As well as being rough, the route passes through valleys that fill with water during the monsoon, completely cutting off travel.

A surgeon at the hospital in Metche said every case she sees is an crisis, with some women having to make challenging travels to the hospital by foot or on a donkey.

“Imagine being about to give birth, in childbirth, and journeying for an extended time on a donkey cart to get to a hospital. The biggest factor is the delay but having to come in these conditions also has an influence on the childbirth,” says the surgeon.

Malnutrition, which is growing, also increases the risk of complications in pregnancy, including the womb tears that medical staff frequently observe.

Mohammed has remained in hospital in the couple of months since her surgical delivery. Afflicted by malnutrition, she developed an infection, while her son has been carefully monitored. The parent has travelled to other towns in seek jobs, so Mohammed is totally dependent on her mother.

The nutritional care section has expanded to six tents and has patients spilling over into other sections. Children lie under mosquito nets in sweltering heat in almost utter stillness as medical staff work, mixing medications and assessing weights on a scale made from a container and string.

In less severe situations children get sachets of PlumpyNut, the uniquely designed peanut paste, but the worst cases need a daily dose of nutrient-rich liquid. Mohammed’s baby is administered his nutrition through a injector.

Suhayba Abdullah Abubakar’s infant son, Sufian Sulaiman, is being given nutrition by a nose tube. The child has been unwell for the past year but Abubakar was only provided with painkillers without any medical assessment, until she made the trip from Alacha to Metche.

“Every day, I see further minors coming in in this shelter,” she says. “The meals we consume is low-quality, there’s too little nourishment and it’s lacking in nutrients.

“If we were at home, we could’ve adjusted our lives. You can go and grow crops, you can get a job, but here we’re relying on what we’re given.”

And what they are given is a limited quantity of grain, cooking oil and salt, provided every 60 days. Such a minimal nutrition lacks nutrition, and the little cash she is given cannot buy much in the local bazaars, where values have increased.

Abubakar was transferred to Alacha after coming from Sudan in 2023, having run from the militia Rapid Support Forces’ assault on her birthplace of El Geneina in June that year.

Failing to secure jobs in Chad, her husband has left for Libya in the aspiration to gathering adequate cash for them to come later. She stays with his kin, distributing whatever nourishment they obtain.

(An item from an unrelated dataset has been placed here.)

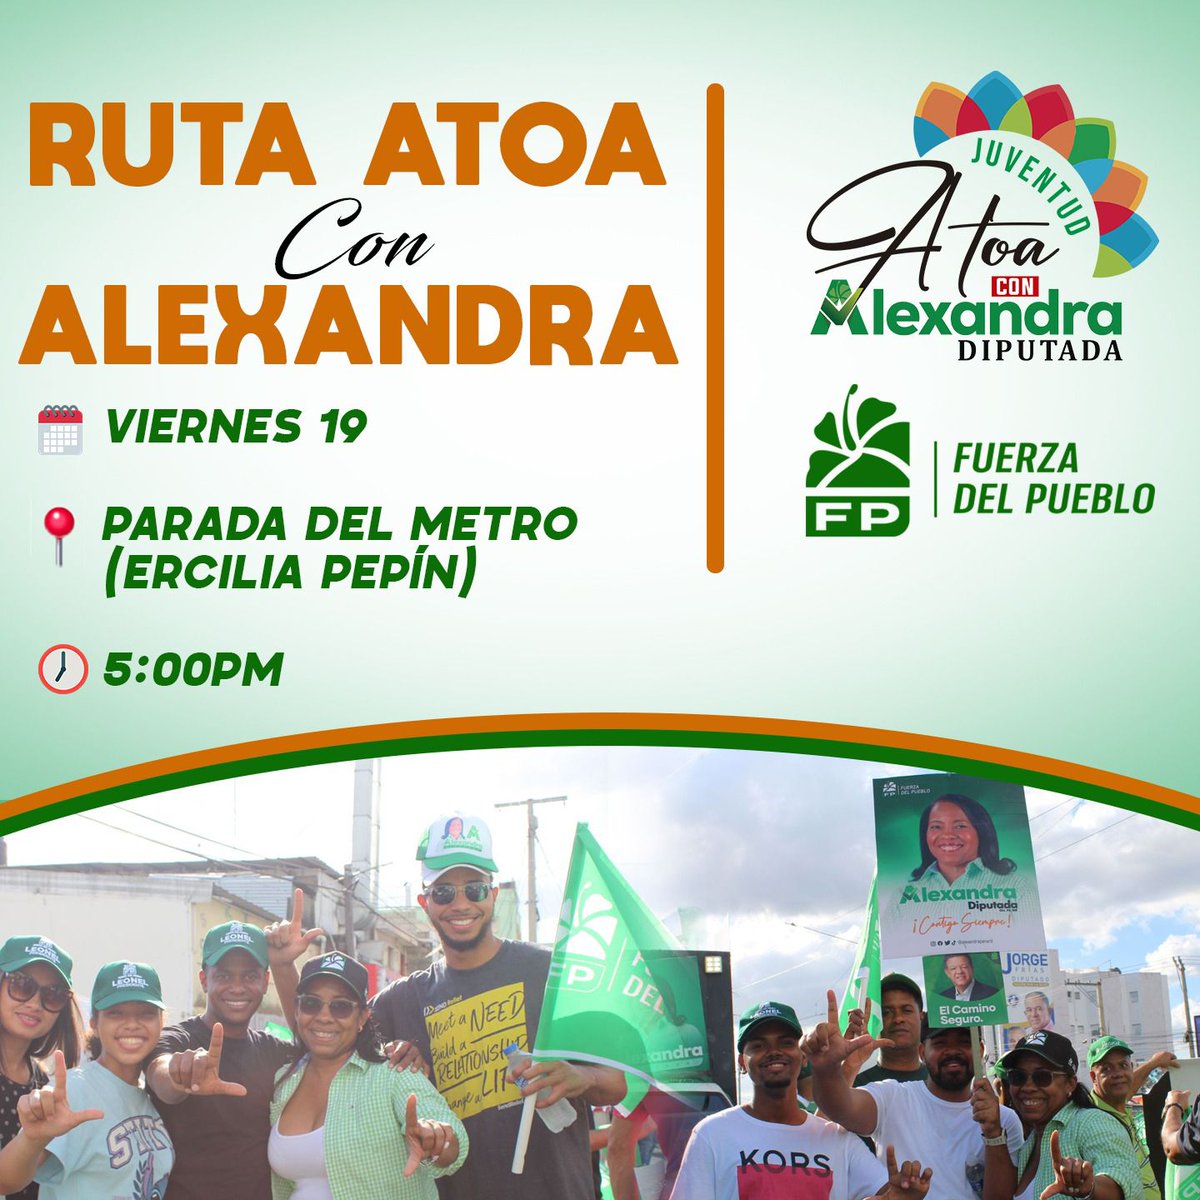 ¡Ven y acompáñanos a la 'Ruta Atoa con Alexandra'! 🗓️ Viernes 19 📍 Parada del metro: Ercilia Pepín 🕒 5:00PM ¡No te lo pierdas!

Abubakar says she has already seen food supplies decreasing and there are concerns that the sharp decreases in international assistance funds by the US, UK and other European countries, could worsen the situation. Despite the war in Sudan having produced the 21st century’s gravest emergency and the {scale of needs|extent

Dwayne Bailey
Dwayne Bailey

An avid hiker and Venice local with over 10 years of experience leading trekking tours through the city's less-traveled paths.